Honoré Gleizes 1855-1920
Born in 1855 in Ariège, in the heart of the Midi-Pyrénées, Honoré Gleizes moved to Paris at a young age to pursue an artistic career. Settling in Courbevoie with his family, he frequented painters’ studios and quickly developed an activity as a portraitist and landscape painter, adopting a style close to the still-emerging Impressionism. With the exception of a participation in the Salon des Indépendants in 1895, he initially kept his distance from the major Parisian Salons.
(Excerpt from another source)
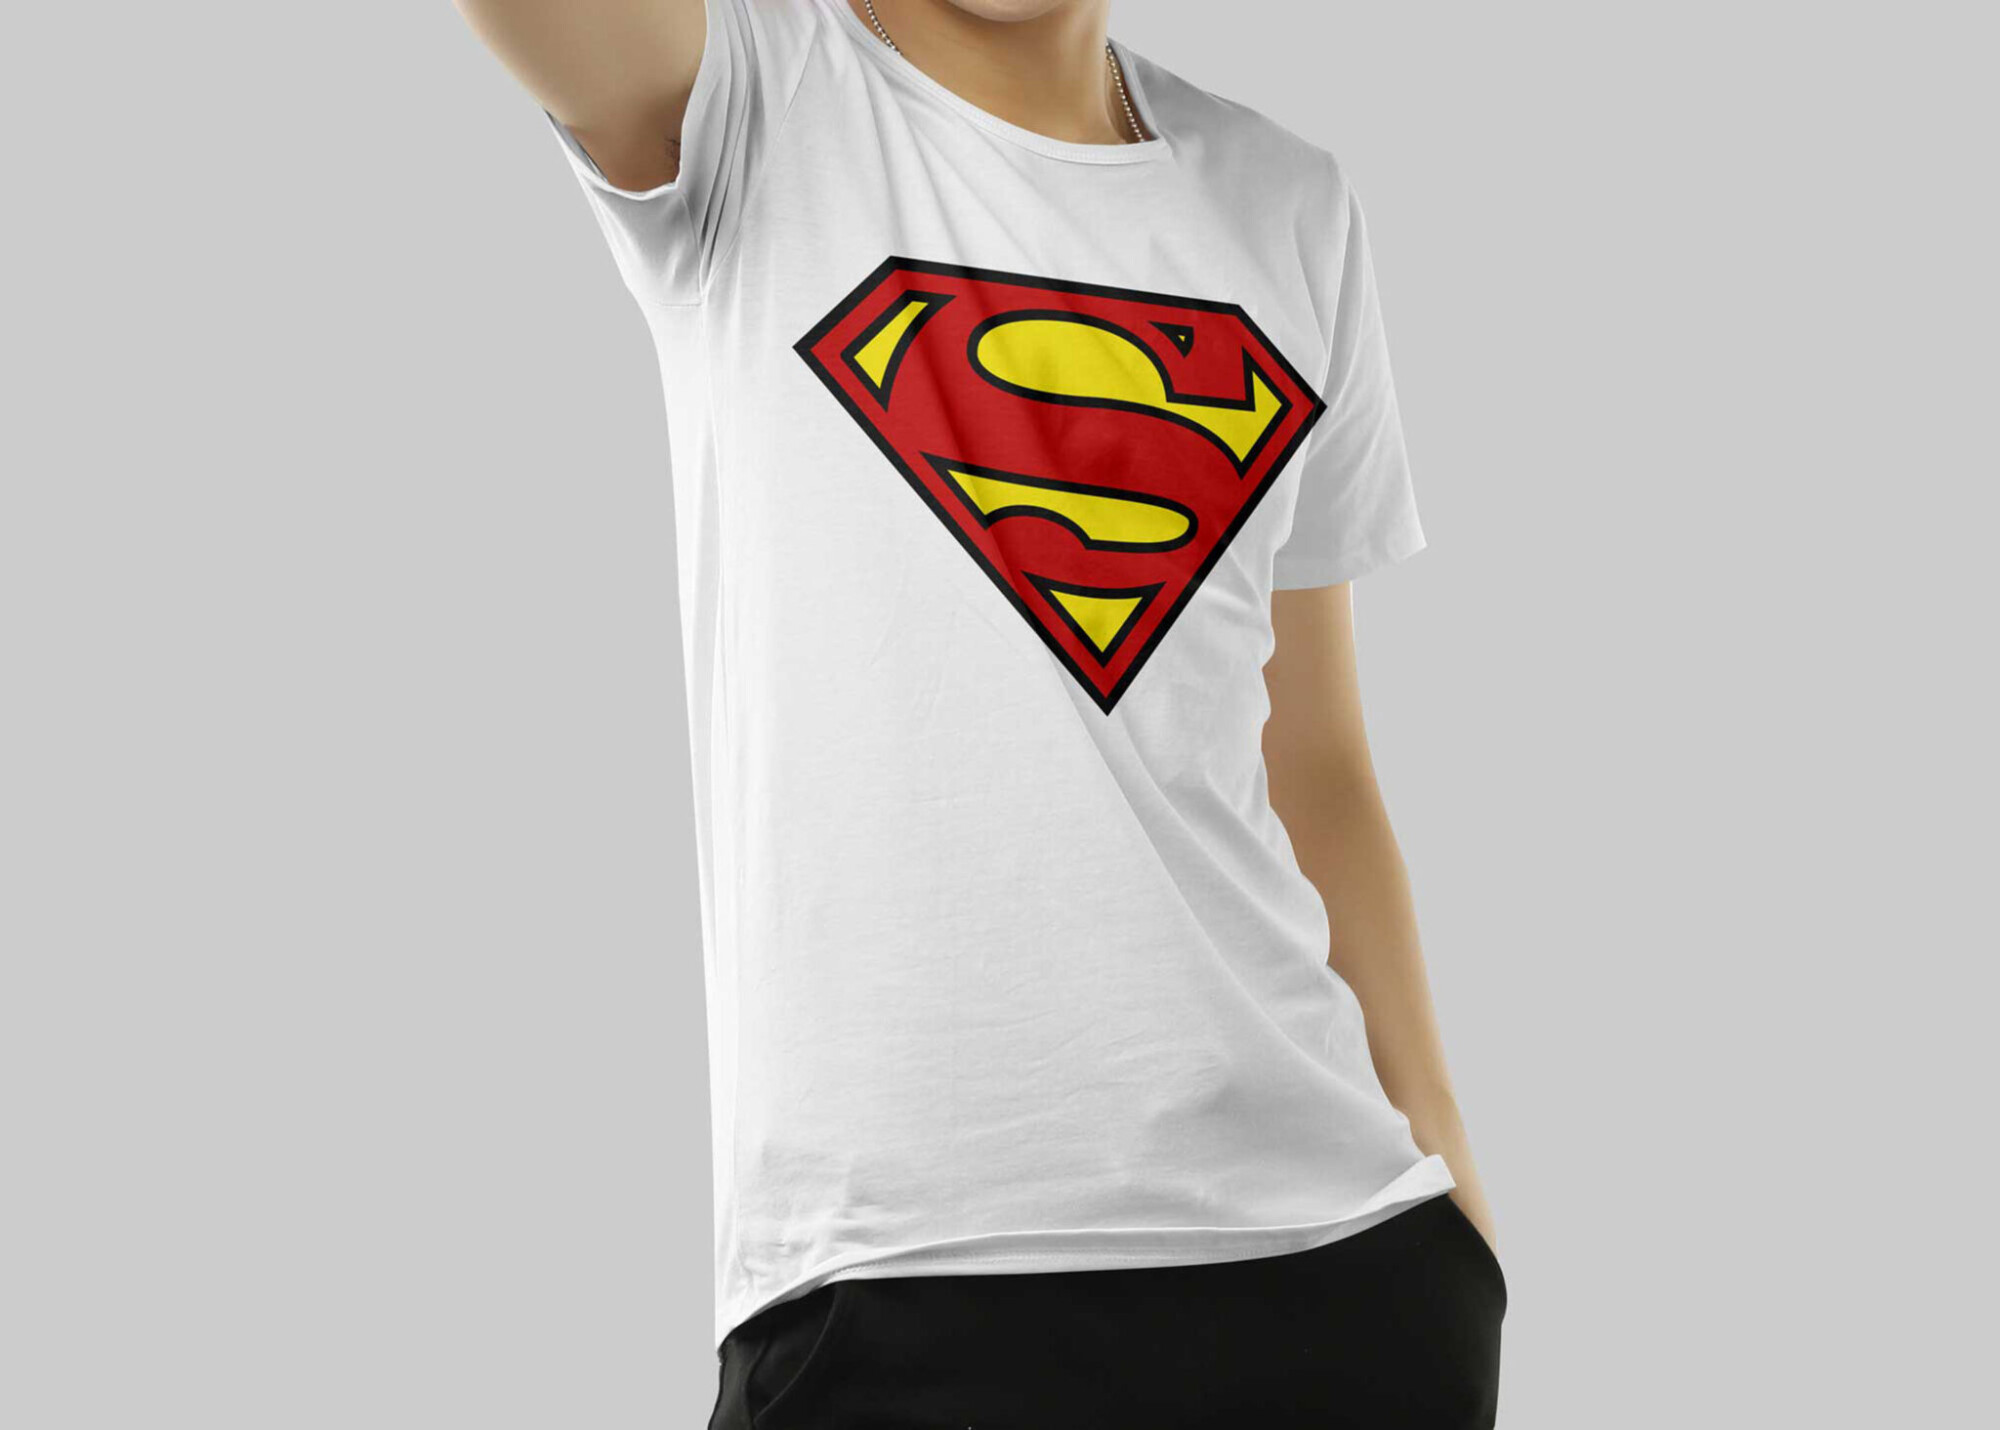 Free Superman Artwork T-shirt Mockup

Above all, he played a crucial role as an informal teacher to his nephew Albert Gleizes, introducing him from an early age to drawing and to painting en plein air along the banks of the Seine in Neuilly, thereby exerting a decisive influence on his artistic development. In 1903, he exhibited a significant group of eight landscapes at the Salon des Indépendants. Several of their evocative titles, Après l’orage (After the Storm) (cat. no. 968), Derniers rayons (Last Rays) (cat. no. 970), Effet de matin (Morning Effect) (cat. no. 971), clearly reflect his Impressionist concerns. He repeated the experience the following year at the same Salon with six new canvases in a similar vein, striving to capture the shifting effects of light directly from nature.
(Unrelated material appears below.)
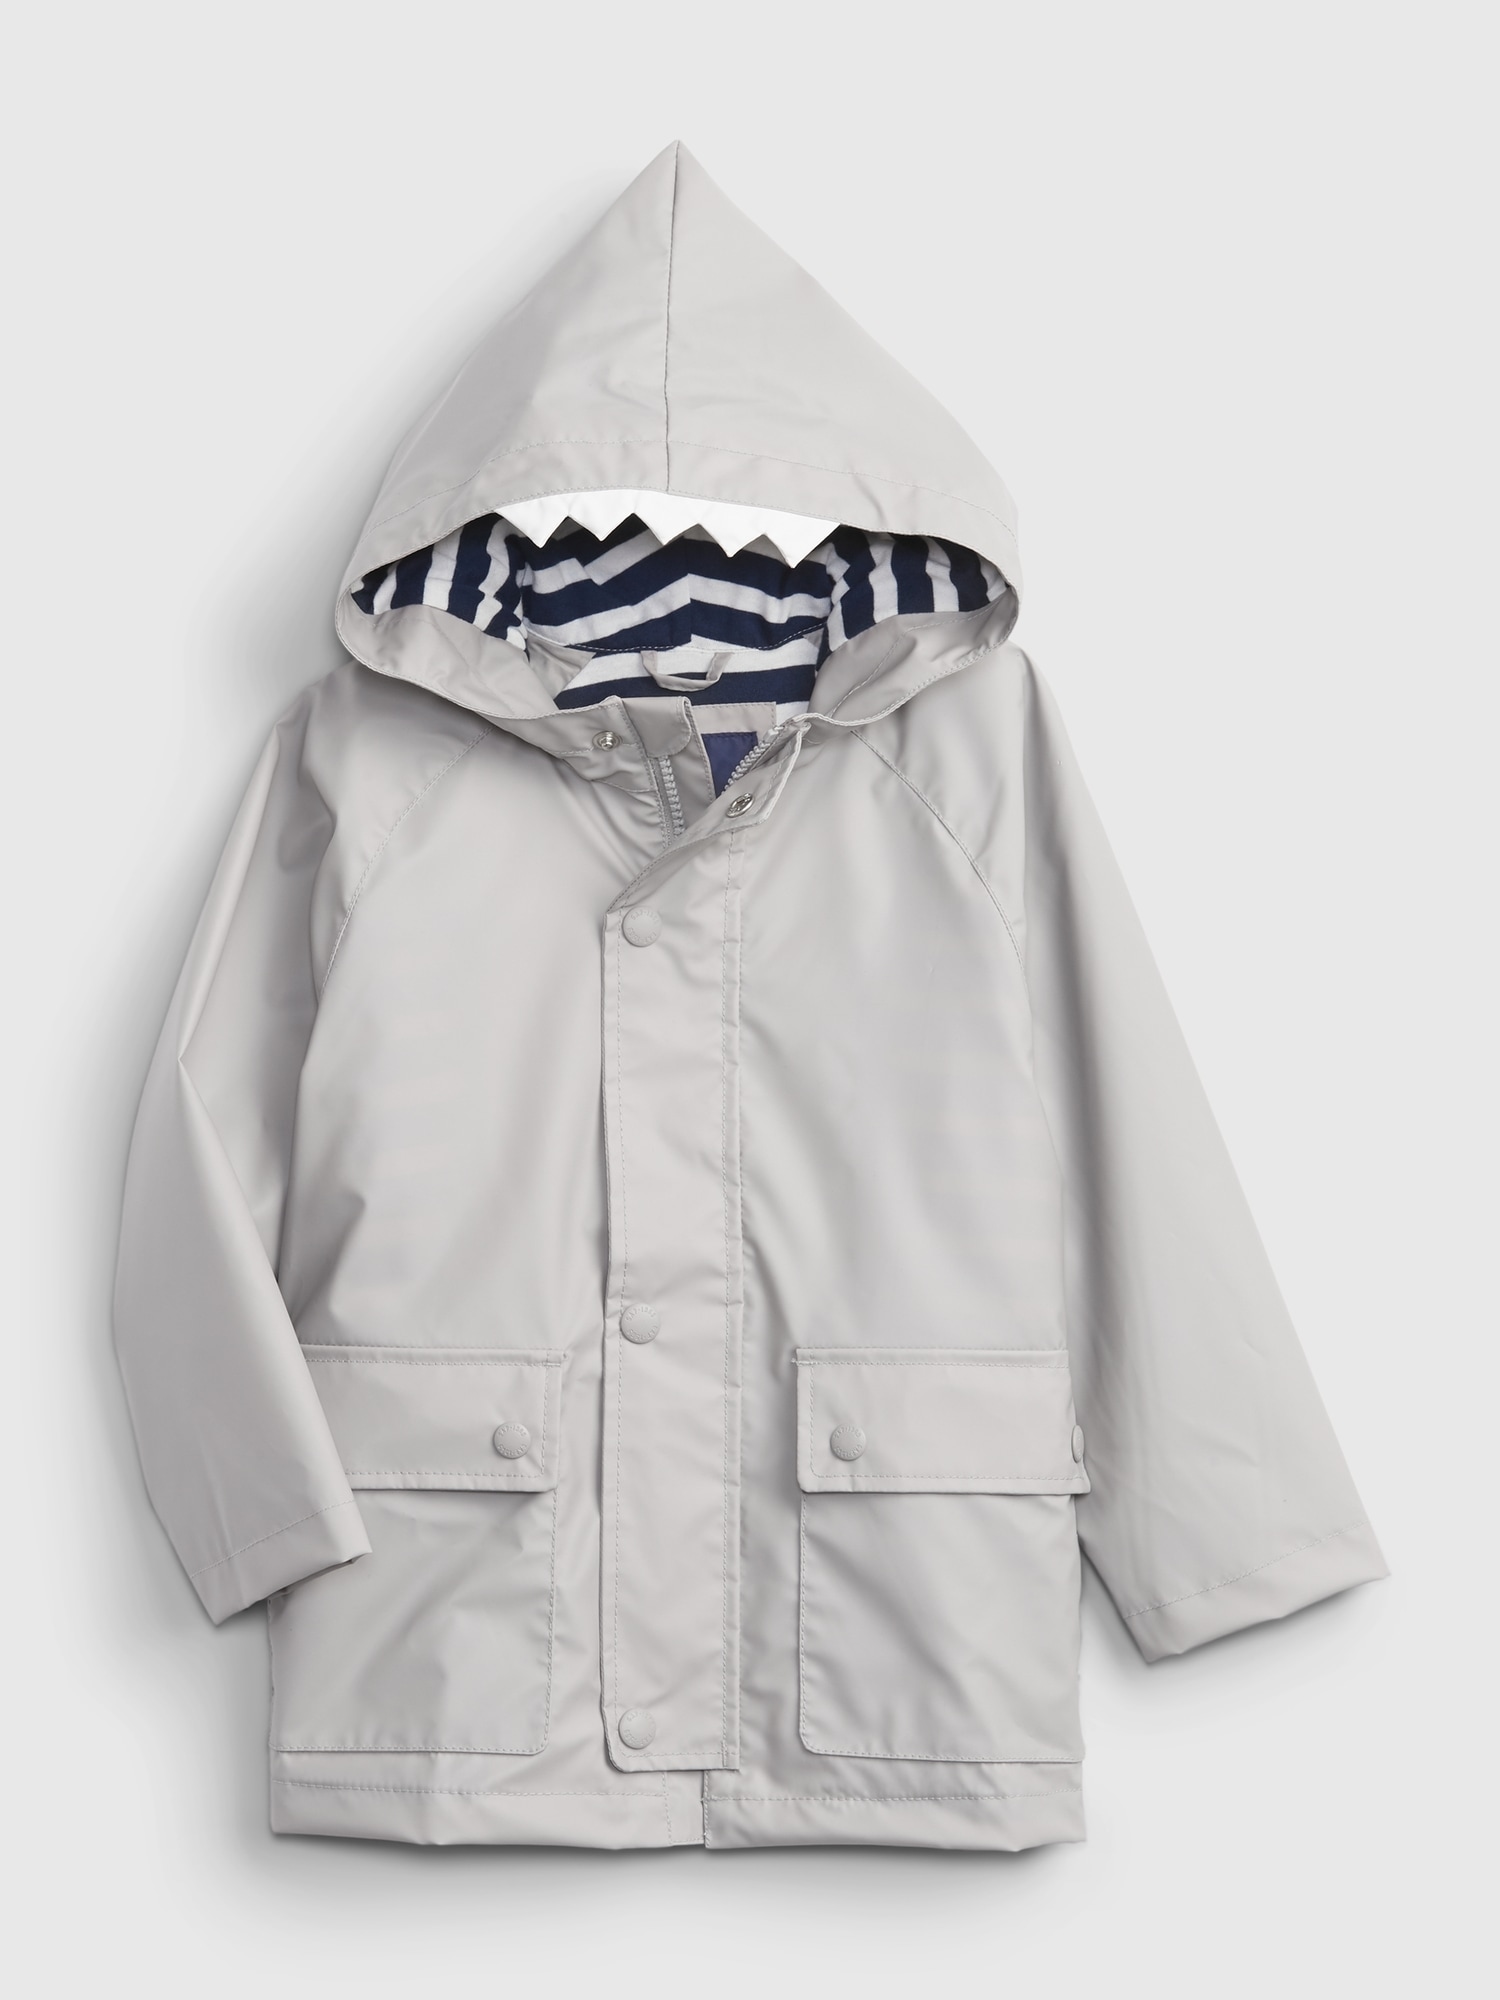 Toddler Shark Lined Raincoat | Gap

In 1911, when the first Cubist exhibitions provoked public outrage, Albert Gleizes took refuge for a time with his uncle Honoré in Courbevoie. This coincided with the latter’s curious decision to adopt the pseudonym Auclair, under which he exhibited at the Salon des Indépendants between 1911 and 1913. Although he never achieved public recognition comparable to that of his nephew, Honoré Gleizes occasionally shared exhibition walls with the young avant-garde, notably by presenting three landscapes at the Salon de la Section d’Or, the landmark exhibition organized in October 1912 at the Galerie La Boétie by the Puteaux Group, in parallel with the Salon d’Automne.